Caminaban hacia la entrada de la casa de las hermanas Williams, empapados de agua y hablando de política y viajes; nada personal. No había sido complicado cruzar nuevamente las aguas por un lugar estratégico que les dejó la tarea más fácil, habían llegado a la orilla de la playa y desde allí habían tenido que subir nuevamente a la roca por medio de otro sendero que conducía a las montañas, pero eso ya era pasado. Ahora ella se aseguraba de no haber dejado nada perdido en el lugar del salto.
—Es sorprendente que después de tanto movimiento, en el aire y en las aguas, no perdiste el arma —opinó Erick distraídamente —. Afortunadamente la mía sigue segura —se refirió a la pistola en el bolsillo bajo de su pantalón militar.
—Está más que segura justo en este lugar —respondió ella sonriendo mientras levantaba su franela para dejar ver el objeto pesado entre el borde superior del pantalón de talle alto y su cintura—. No soy experta empleando ésta cosa. Pero me sé defender —su rostro señaló un gesto de posible angustia—. Mi padre me enseñó —pero luego se relajaron sus facciones—. Extraño a mi familia —reconoció aunque sin llorar.
—Eres encantadoramente valiente, Renacer —expresó el joven de marrones ojos y abundantes cejas deteniéndose frente a ella al llegar a la casa de gran tamaño—. Te aseguro que no soy el único que opina lo mismo de ti —pausó—, aunque también eres terca y muy arriesgada.
—Me... gusta escucharte pronunciar mi nombre —admitió ella, sonrojada— Realmente me agradas —confesó.
Eso pareció afectar a Erick, quién titubeó desde luego. Pero su manera de actuar fue distinta a la que se esperaría. Con el dedo índice de su mano derecha tocó la sien de ella con delicadeza, deslizando hasta la mejilla y luego hasta la barbilla, mientras tanto observaba cada centímetro de piel trigueña de la mujer en frente de él; y ella se perdía en aquella sensación. No era necesario un beso en el cuello o un apretón en la zona más adecuada, ya con ésto era suficiente para hacer que su mundo diera vueltas. Aún no podía explicarse cómo había llegado a sentir tanto. Sin darse cuenta estaba respirando agitadamente, regresando súbitamente a la realidad cuando él le dijo en tono suave:
—Nos veremos después, Renacer —y sin más dio la espalda y se alejó de ella.
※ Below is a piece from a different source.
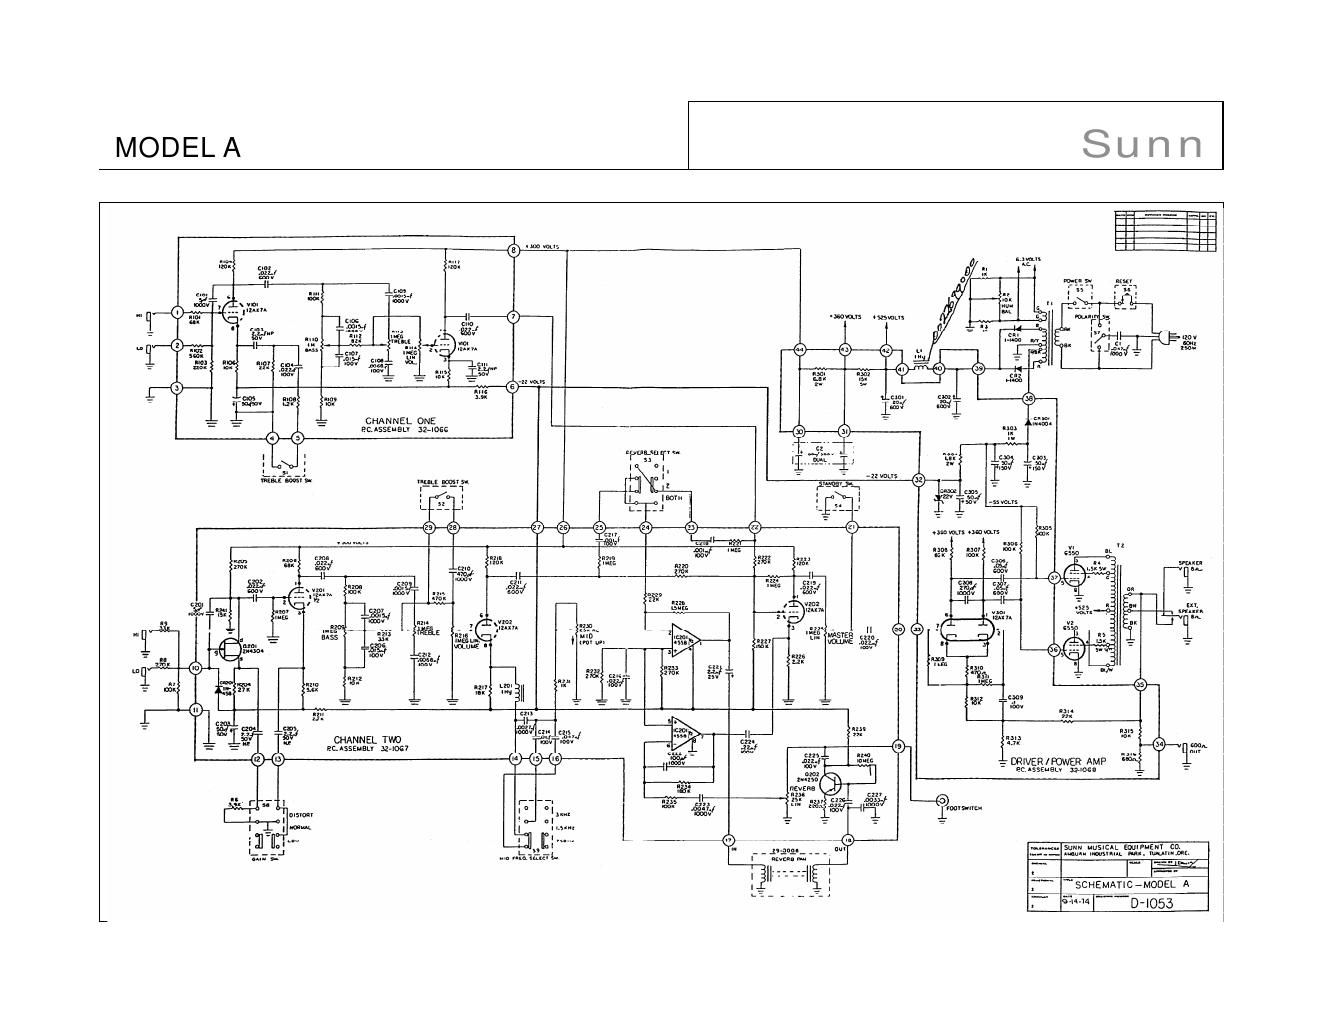 sunn model a schematic

Caminando hacia su destino con la ligera actitud de una peligrosa pantera que avanza a pasos seguros y precavidos.
Renacer entró a la casa que ahora estaba más vacía y silenciosa que cuando toda la familia permanecía reunida; trató de no manchar el piso limpio con sus botas mojadas. Subió las escaleras a paso diligente y reflexionó acerca de las últimas cosas sucedidas, sacudió la cabeza intentando despojarse de aquellos pensamientos y recordándose que debía comportarse decentemente.
Ya en el último escalón una voz la hizo sobresaltar por el susto al hacerse escuchar:
—¿Lo vez? —habló su hermana de brazos cruzados, con aquella expresión de quién pilla a un niño comiéndose la torta de la nevera—. Te gusta y no lo admites —pausó para mirar a la empapada mujer de cabeza a pies—. Y mira cómo te dejó. Bandida.
En ese momento Renacer reparó en que Martha le había estado viendo todo ese rato desde el balcón. La sonrisa de triunfo en el rostro de la mujer de cabello largo provocó que Renacer se sintiera acorralada.
—Prometo explicártelo, pero después —aseguró ella buscando la manera de escapar de una posible entrevista por parte de su hermana.
—Cúbrete con algo, hace frío —le aconsejó Martha una vez que su hermana le había pasado por un lado— aunque imagino que debes estar ardiendo —se burló.
Renacer no le respondió. No pensaba contradecirla, pues, como la mayoría de las veces, Martha estaba en lo cierto.